The Map of Commerce: Internet Search, Competition, and the Circular Flow of Information

Networks, the Internet, and Cloud Computing, Internet and Search and Advertising

Article Snapshot

Author(s)

Daniel Spulber

Source

Journal of Competition Law & Economics, Vol. 5:4, pp. 633-682, 2009

Summary

This paper looks at how consumers, search engines, and sellers of goods use information.

Policy Relevance

Having a dominant search engine like Google might harm consumers.

Main Points

  • Online buyers and sellers each reveal continuously updated information about themselves through search services, the middleman. Online searches affect offline commerce as well.

  • Helping sellers and buyers find each other benefits everyone. Search engines help sellers (advertisers) by letting them bid on keywords to show ads. Search engines give buyers one central place to search; this tends to lead to a dominant firm, Google.

  • Ads targeted to the most likely buyers work best, but targeting is costly. Broadcasting reaches many people, but targeting is hard. Print media is targeted, but reaches fewer people. The Internet allows targeting to individuals while also reaching many people.

  • Revealing information and buying and selling are not separable activities.
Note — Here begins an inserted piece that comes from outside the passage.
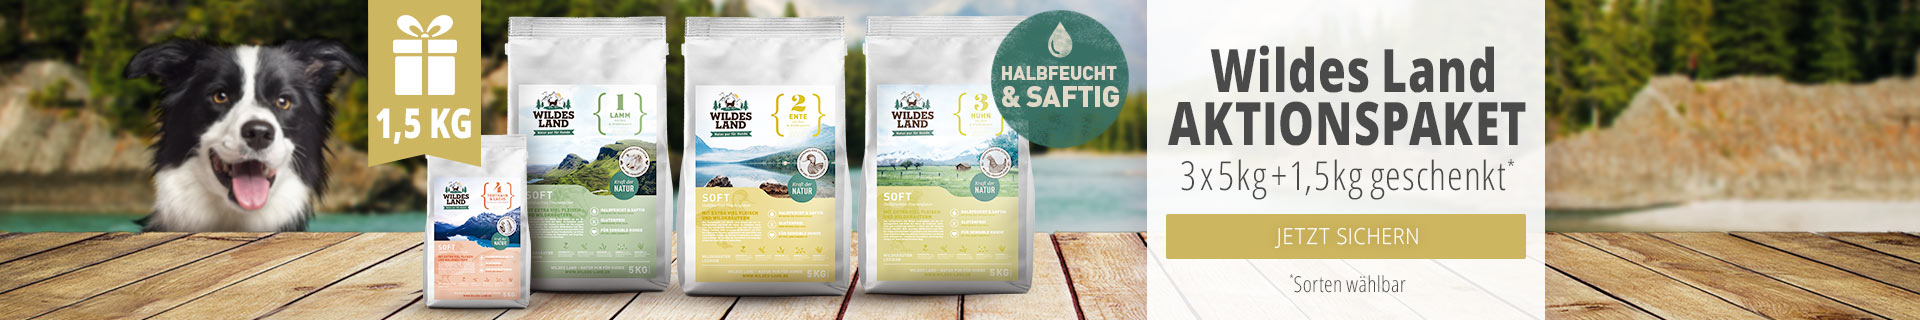 Wildes Land Hund Softfutter Aktionspaket - 3x5kg Säcke + 1,5kg geschenkt

Buyers reveal otherwise private information through behavior, beginning with their choice of keywords and by clicking. 

  • In negotiating, one side can gain by “screening,” revealing partial or “noisy” information at first, encouraging the other side to share more in exchange. Buyers’ use of keywords is “noisy.”  

  • Search services like Google use “second price auctions” to place ads, discouraging misleading bids.

  • Search services compete on quality (vertical differentiation); if one search algorithm gives better results, one firm tends to dominate, like Google. Search services also compete in specialization (horizontal differentiation). Some focus on searching books, journal articles, or different kinds of products.

  • A search firm’s market power affects how much consumers benefit from online exchanges, and can also affect privacy. Advertisers can use information to introduce price discrimination, and may prefer a dominant search engine.

  • Behavioral advertising is tracking a consumer’s online activities over time to deliver ads targeted to the individual.  More competition between search firms would encourage firms to reveal how they are tracking consumers.